Researchers say SharePoint has been exploited to host malicious link
A new phishing campaign which targets Microsoft’s Office 365 platform is estimated to have impacted up to 10 percent of users.
According to security researchers from Avanan, the widespread phishing campaign has been monitored over the past two weeks and blocked for the firm’s customers.
While 10 percent of customers have been targeted, the research team estimates that: “this percentage applies to Office 365 globally.”
Dubbed PhishPoint, the new campaign uses SharePoint, a collaborative platform which is compatible with Office 365, to harvest end-user credentials for the software.
The threat actors behind the new attack use SharePoint files to host phishing links. By inserting the link directly into SharePoint, Avanan says they are able to bypass built-in security measures.
“This leverages a critical flaw in Office 365, where their security focuses on email but neglects other Office 365 services,” the company says.
Targets and potential victims receive an email which invites them to open a SharePoint document. The form of the email is identical to a standard SharePoint invitation which makes the message appear legitimate.
If the victim clicks on the document their browser automatically opens the file. The content then impersonates a standard SharePoint request to access a OneDrive file and displays an “Access Document” hyperlink which is malicious in nature.
The link then sends the user to a spoofed Office 365 login screen.
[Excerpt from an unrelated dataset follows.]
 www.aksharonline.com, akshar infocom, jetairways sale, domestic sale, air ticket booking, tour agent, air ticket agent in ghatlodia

Credentials input into the screen is then harvested. Victims would then be sent to the legitimate service and would be unlikely to realize anything was amiss.
Avanan researchers commented that: “To protect against potential threats, Office 365 scans links in email bodies to look for blacklisted or suspicious domains.”
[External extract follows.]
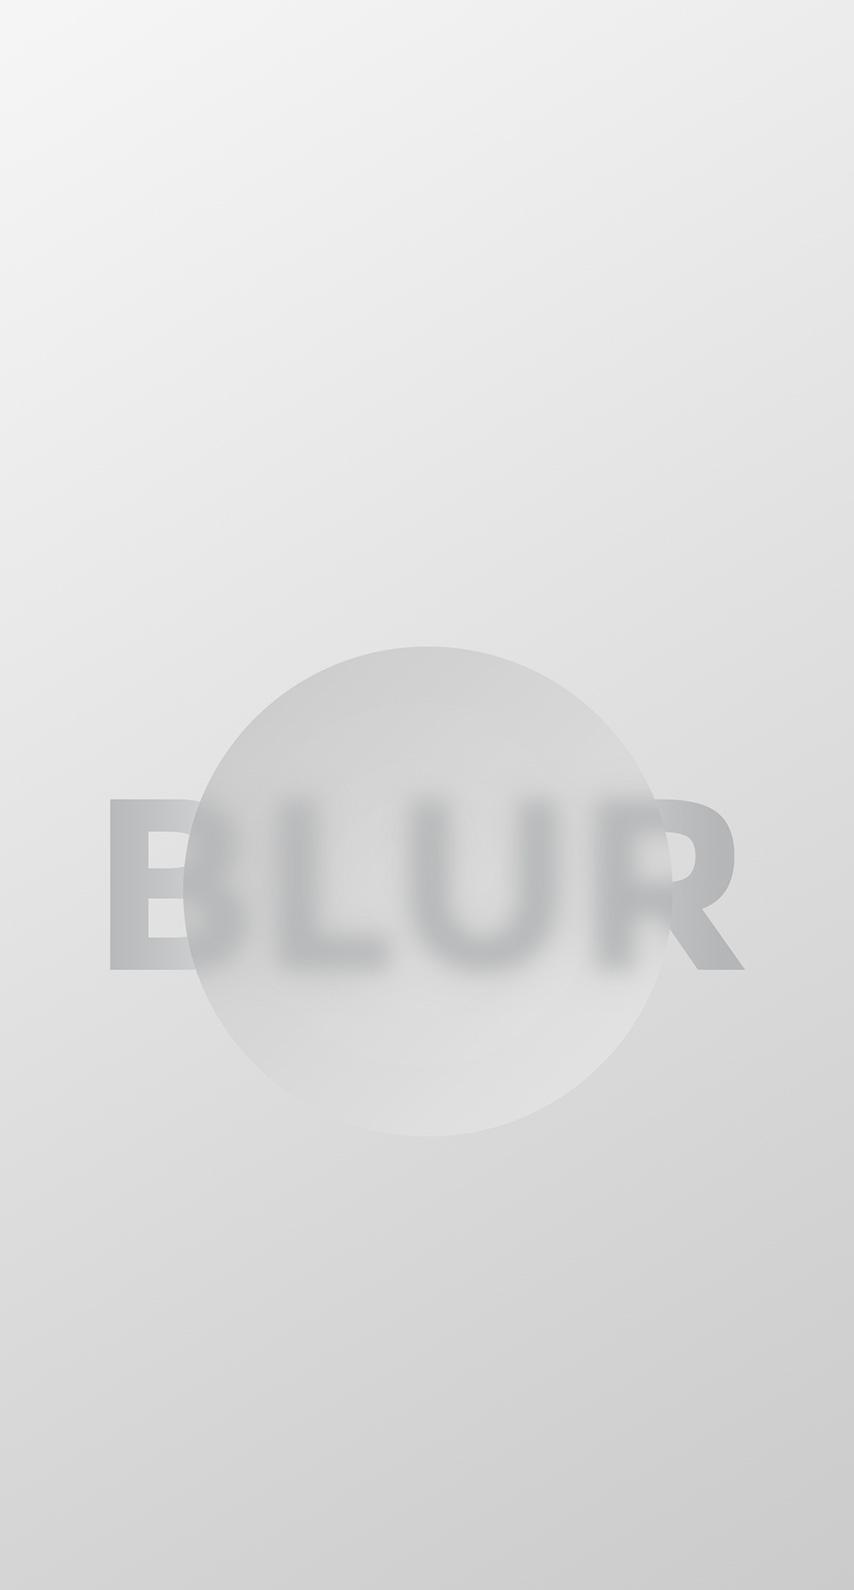 world wide web, logo

“Since the link in the email leads to an actual SharePoint document, Microsoft did not identify it as a threat.”
In other words, Microsoft’s security protocols when it comes to scanning for blacklisted and known malicious links only goes skin-deep.
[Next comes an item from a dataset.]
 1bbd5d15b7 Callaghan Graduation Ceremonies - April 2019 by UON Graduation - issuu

Files which are hosted on other services — including SharePoint — are not scanned fully to ascertain whether or not shared documents contain malicious links.
“This presents a clear vulnerability that hackers have taken advantage of to propagate phishing attacks,” the cybersecurity firm added.
However, this “vulnerability” is not one which can easily be patched. Blacklisting a link in a SharePoint file would require the file itself to be banned, and all it would take to circumvent this barrier is for a threat actor to upload a new file.
Michael Landewe, the founder of Avanan, said the campaign appears to be focusing on Fortune 500 companies in the United States, as well as small SMBs across Europe.